Like GarageBand, there’s now support for the Touch Bar, but Logic Pro X doesn’t just offer GarageBand’s relatively simplistic use of it for macros—there’s also a timeline overview, virtual keyboard and customizable keyboard shortcuts. Granted, the Touch Bar hasn’t been hugely popular, but this is one of its more ambitious applications that hints at more potential yet to be exploited—which is important, because Apple still maintains the “touchscreens are for tablets/phones” in contrast to Windows supporting touch on anything that can handle it. Sophisticated use of the Touch Bar could help level that playing field.

Other new features include Track Alternatives (a way to try out playlists of various regions or different versions of tracks), 192 additional buses, updates to the 64-bit summing engine, a minor UI refresh and Selection-Based Processing, which allows working with effects for individual audio regions. But the feature that caught my attention is iCloud sync with GarageBand. It sends what’s essentially a premix to GarageBand so you’re not burning the bandwidth of a large project, and if you add tracks to GarageBand while you’re on the go, the new material will be in iCloud and syncable with the project when you return to Logic Pro X.

This also underscores that “the cloud” continues to grow—and it’s not just about working on a project, saving it to the cloud and having it available wherever you are. Soundsonline has offered its Composer Cloud for a while, where for $29.99 a month (or $299 a year) you can access more than 10,000 virtual instruments; if you need something, download it. However, Roland has now stepped into the cloud world with a subscription-based service for sound libraries and new instruments. While I don’t expect Roland to stop manufacturing hardware, the intention is clear: make the world of synthesis, sampling, and sound libraries more accessible.

Part of Roland’s initiative involves RainLink, which is a hardware/software protocol that provides higher-resolution control for RainLink-compatible hardware. Although some are getting ahead of themselves and calling it a replacement for MIDI, that’s not what it’s all about; it’s more like a parallel supplement.

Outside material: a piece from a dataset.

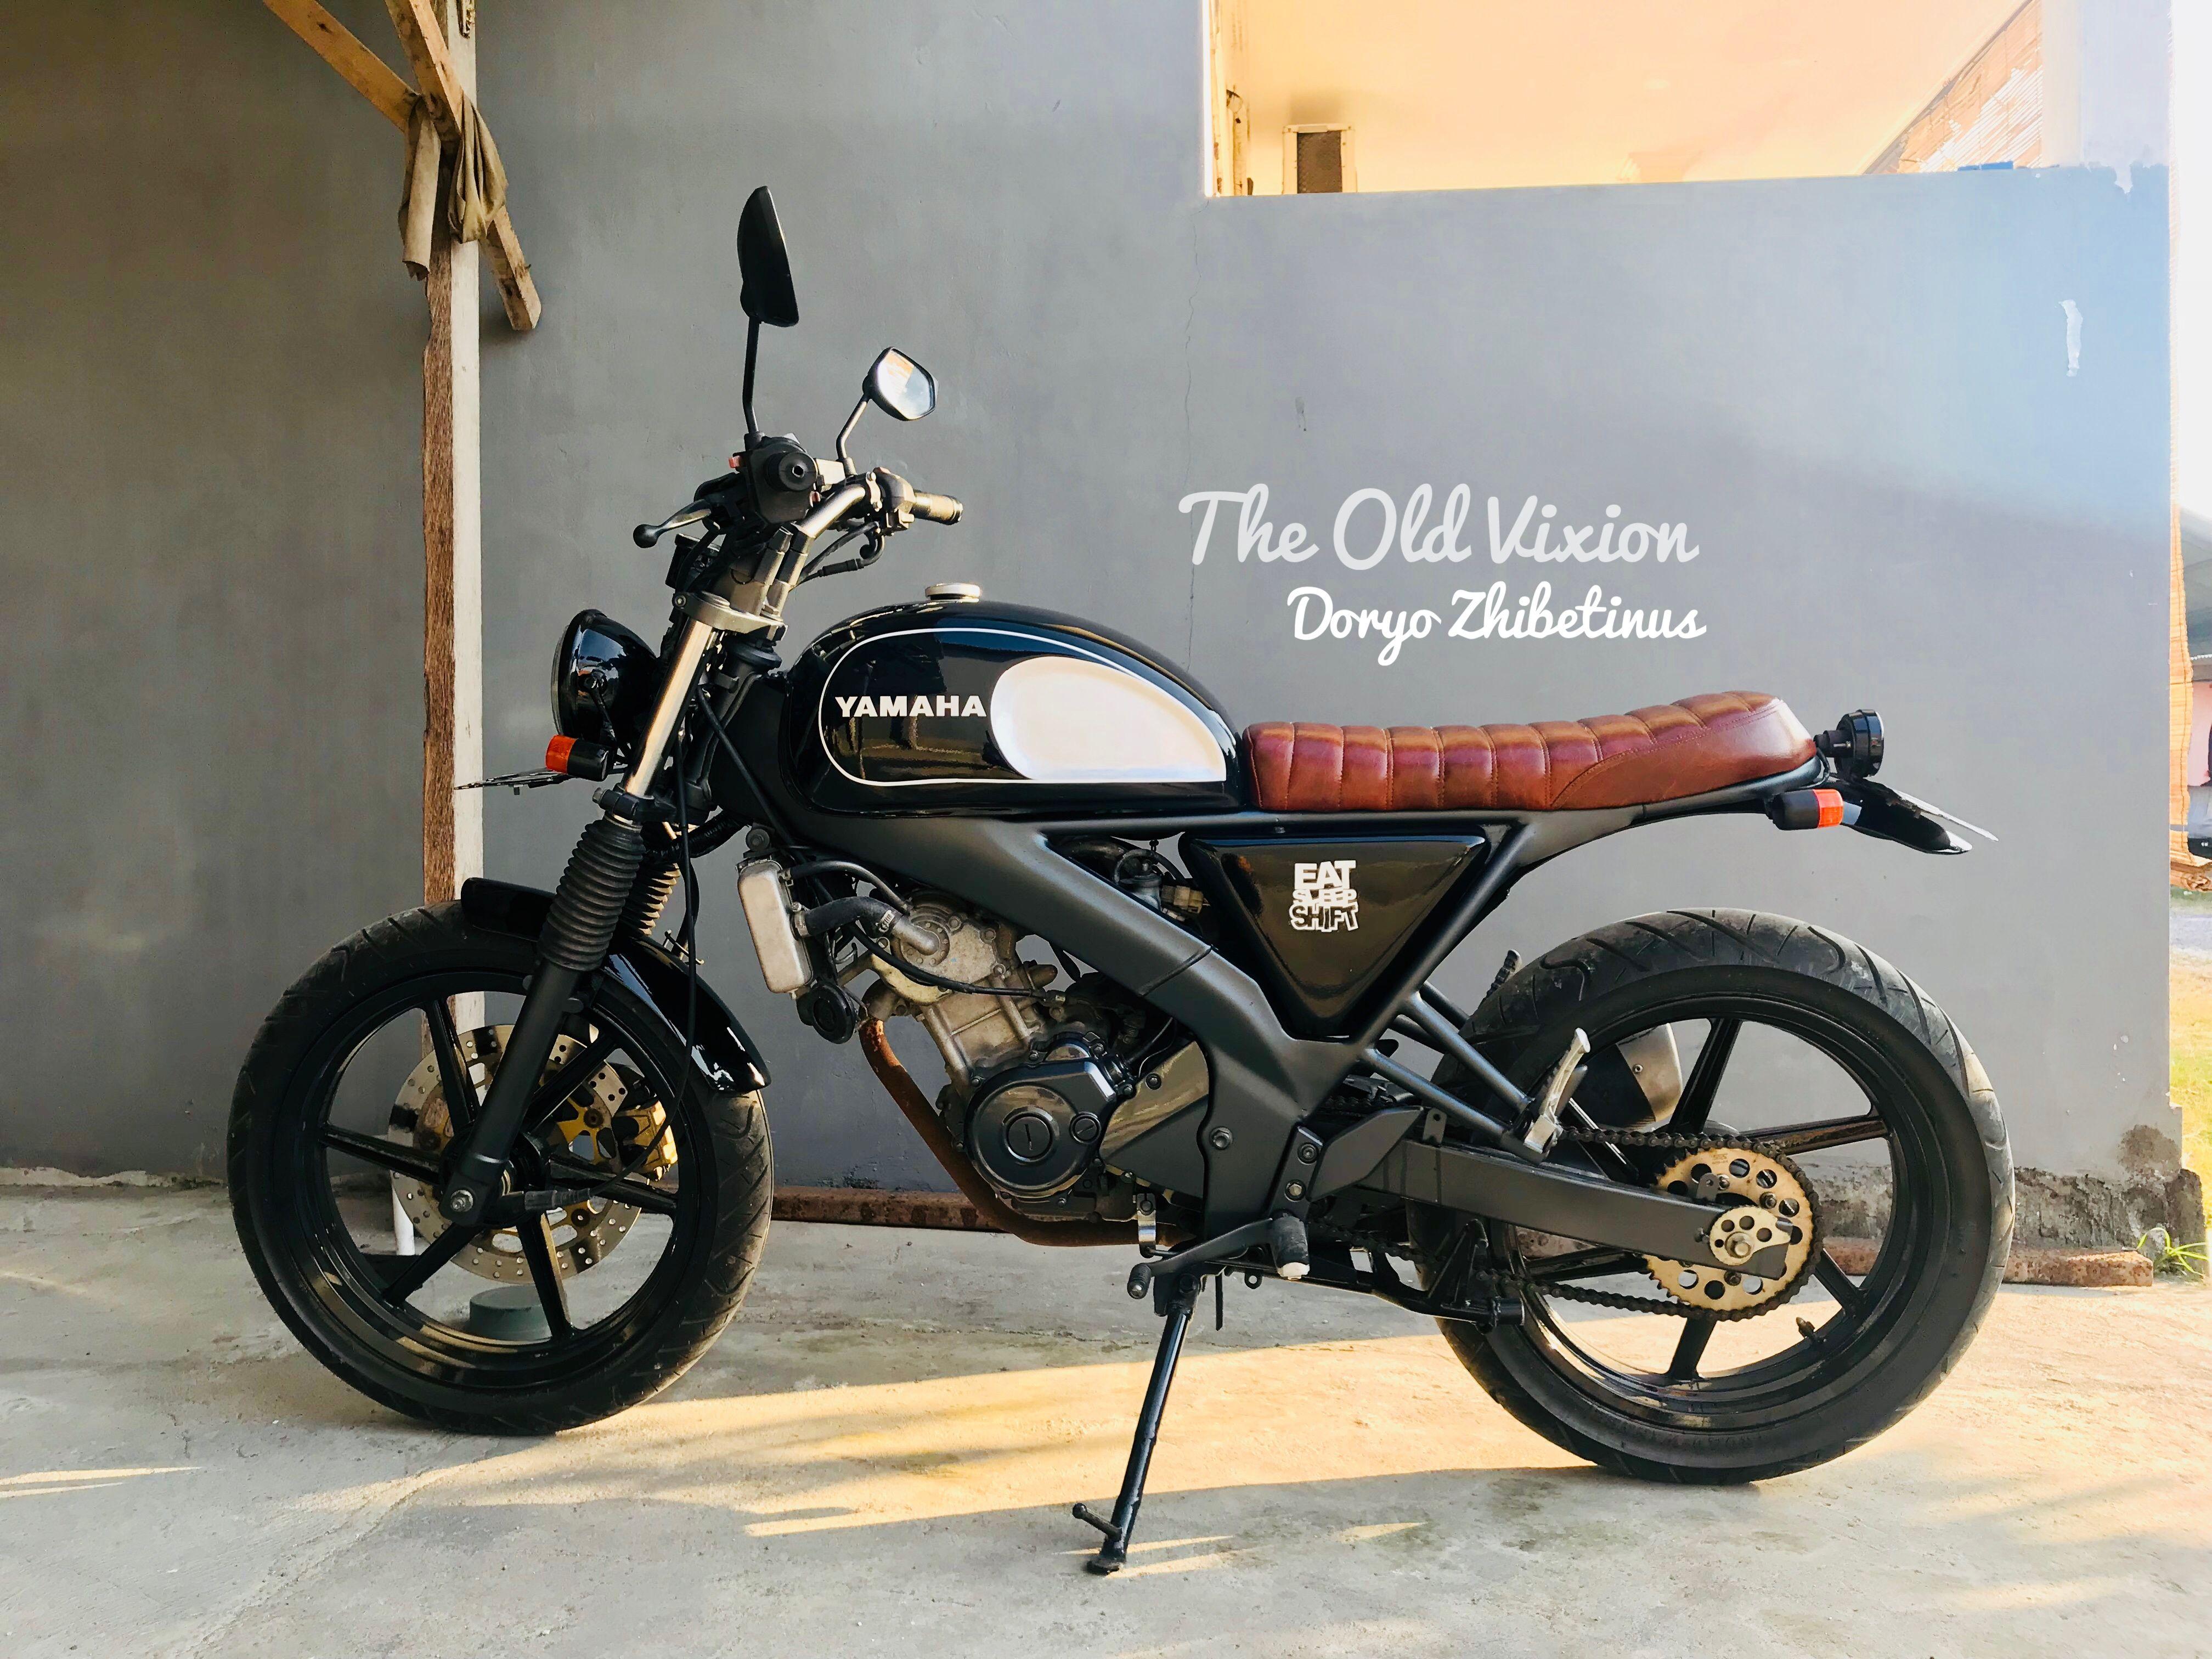 Yamaha Vixion 150 Scrambler Japstyle Motor Modifikasi Motor Mobil
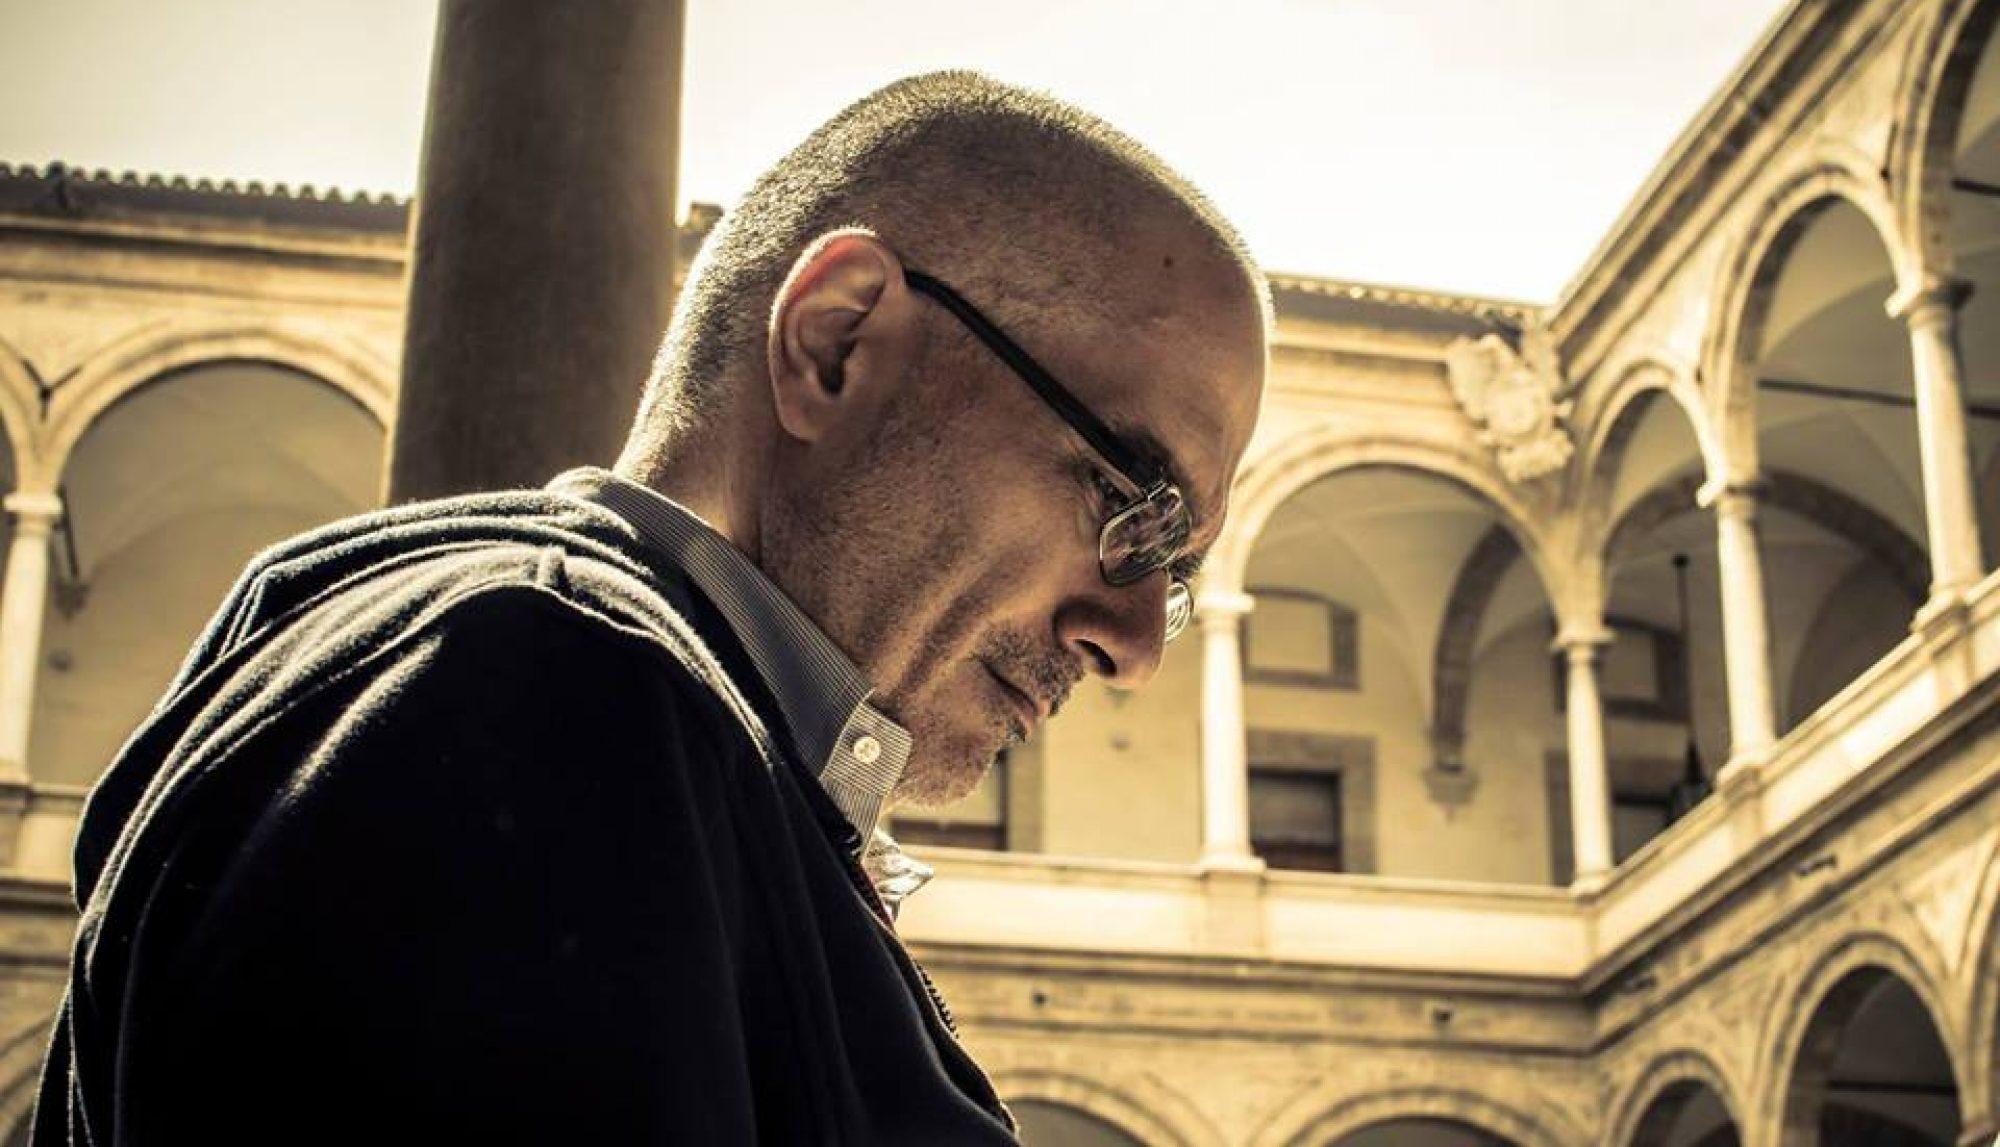 www.pellegrinoconte.com

However, there’s also a lot happening on the MIDI front. Bluetooth Low Energy for MIDI (BLEMIDI) is gaining traction; I’ve been using CME’s Bluetooth keyboard in the studio, and the latency is under 10 ms. Although Apple has supported BLE-MIDI since iOS 8 and OSX 10.10, last year, the Windows 10 Anniversary edition introduced native BLE-MIDI support. (At Winter NAMM, Cakewalk demoed the Zivix Jamstik running with Sonar on a Windows 10 Microsoft Surface Pro with no extra hardware.) Although being able to clean up that neverending tangle of wires in the studio has its benefits, BLE-MIDI also represents a big step forward for mobile applications.

Meanwhile, MPE (MIDI Polyphonic Expression) is close to being finalized. One of MIDI’s traditional limitations, and of electronic instruments in general, is an inability to approach the kind of expressiveness associated with acoustic instruments. MPE allows expression for individual notes within a polyphonic data stream by maximizing the use of MIDI channels to allow per-note control of pitch, volume, timbre and more. Championed by ROLI, Roger Linn and others, MPE is already proving its worth with next-gen electronic controllers like ROLI’s keyboards and the Linnstrument.

Windows 10 has also graduated to Multi-Client Support for MIDI, which is basically geek-speak for being able to run several MIDI programs at once on the same computer. This is helpful for working with DAWs because often, virtual instruments or processors communicate with editing programs via MIDI—and without a multi-client system, you can’t use MIDI with them and a DAW at the same time. Furthermore, Chrome and Opera now support the Web-MIDI API (which is what allowed you to play a synth on Google’s home page when it did its tribute to Bob Moog). Although Firefox support is in progress, Microsoft and Apple aren’t committed to supporting it yet—but it probably won’t take long before they figure out this is a feature worth adding.

2017 is shaping up to be perhaps the most important year for MIDI since its introduction. Fold in Bluetooth, the cloud and the ever-evolving world of DAWs, and it should be a fun ride.